Another thing that comes with celebrity status is a desire to embrace charity. This was seen with Savile, who famously worked at Stoke Mandeville and did many marathons for charity. It raised a vista of good in the public sphere. This so called good though can also act as a cover for nefarious behaviour as was the case with Savile.

Just as Royaly split a number of good causes between them, so it is all part of the PR profiling to encourage celebrities to embrace charity. It always gives me an uncomfortable feeling when seeing the celebrities clamouring to be part of things like Children in Need, Sport Aid and Comic Relief. Are they really doing it for the cause or simply to help with the PR profile?

The Savile affair also raises questions for the charities themselves, who clamour to get celebrities to promote their various causes. This is understandable in such a debased public discourse, where it is difficult to get serious issues into the mainstream, the celebrity path can be the only channel to make an impact. But charities need to be aware of the way they are being used, as well as being the users.

The media also needs to look at its role in raising celebrity to the level of prominence that it enjoys in society. The media often build celebrities up, only to take equal pleasure in pulling them down.

It has been a strange sight to behold some newspapers idolising Savile when he died only to hardly mention the serial allegations of rape and abuse that have now surfaced about the individual. There is a lesson in this affair for these publications, namely to never fly too close to the celebrity sun.

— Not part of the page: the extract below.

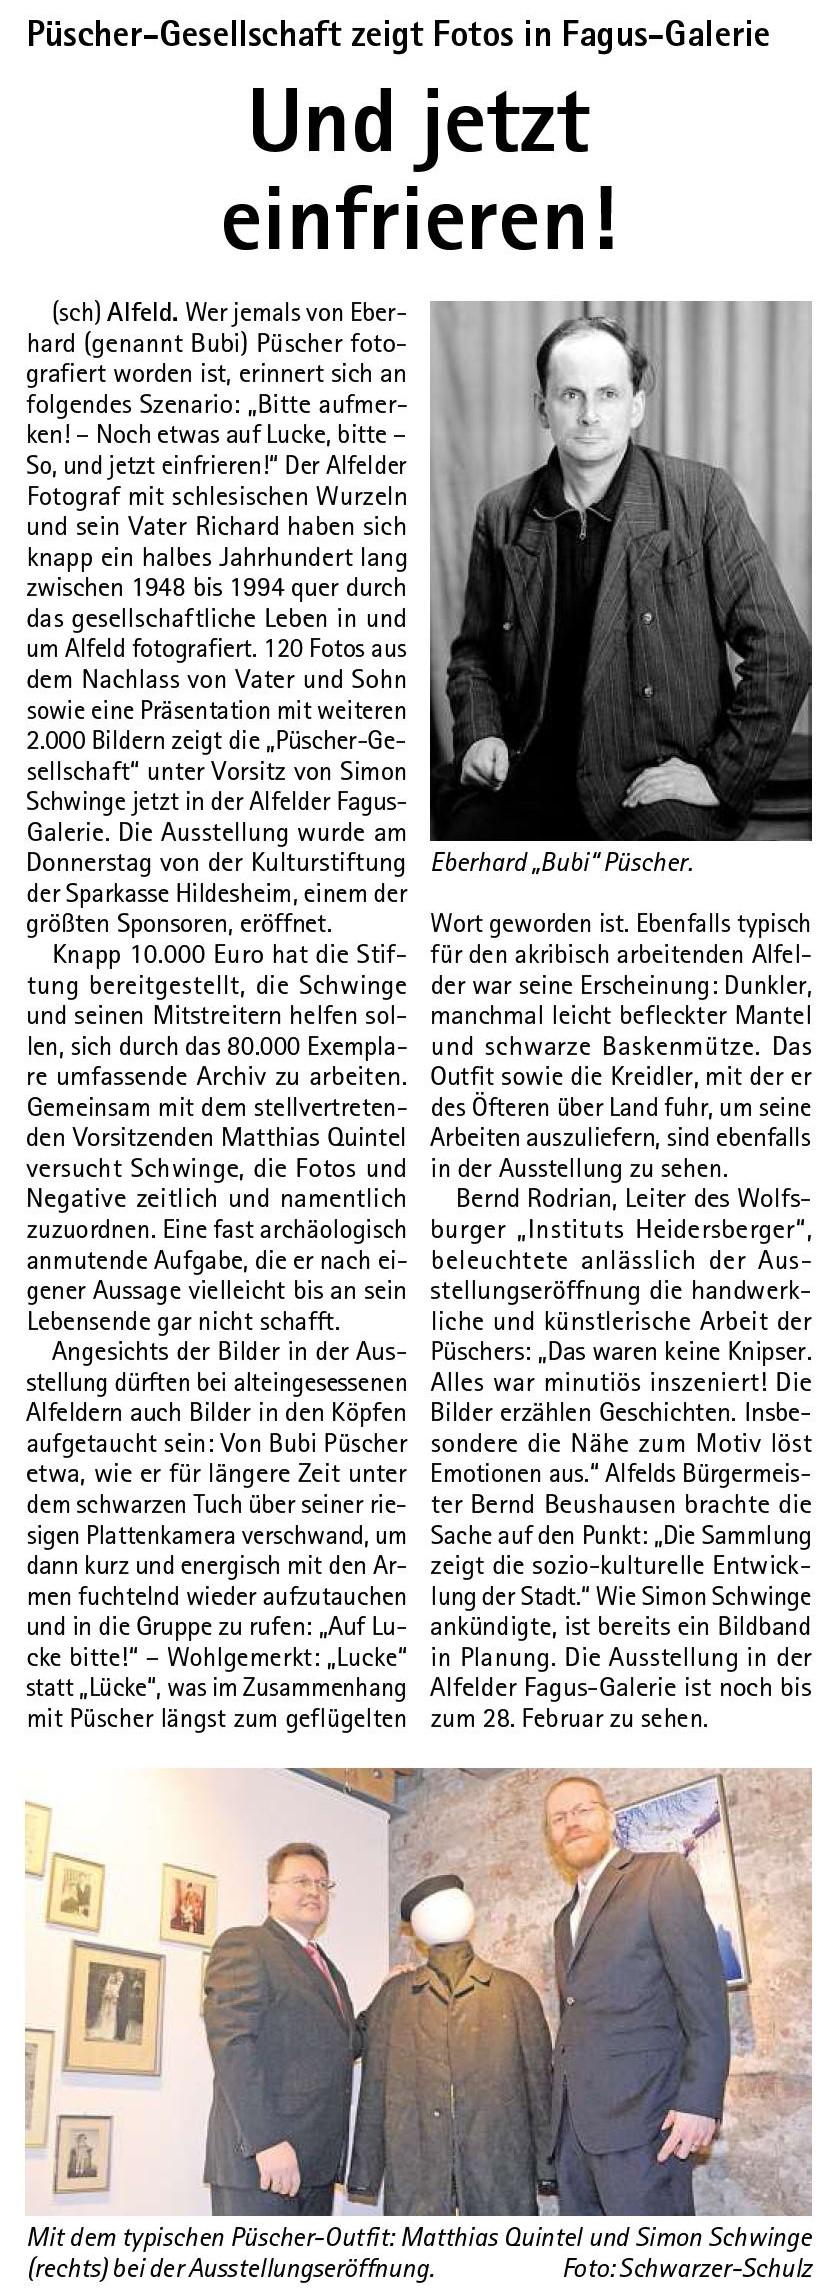 Kehrwieder vom 15.12.2013-VfH-Püscher-Ausstellungseröffnung

So much copy is wasted on the cult of celebrity because it sells paper – in the case of Jimmy Savile and many others this has proved to be a very grubby faustian pact.

Though on the other side of the argument, it was the excellent ITV Exposure documentary team who brought the Savile abuse out into the open.

Possibly the decline of religion, particularly in this country, has played a part in the rise of the cult of celebrity. The need of people to worship something. The Savile affair certainly raises many questions about that cult: the role of charity and the way in which society seems to need to idolise certain individuals. This gives the individuals concerned immense power, which as the Savile case proves, all too often gets abused.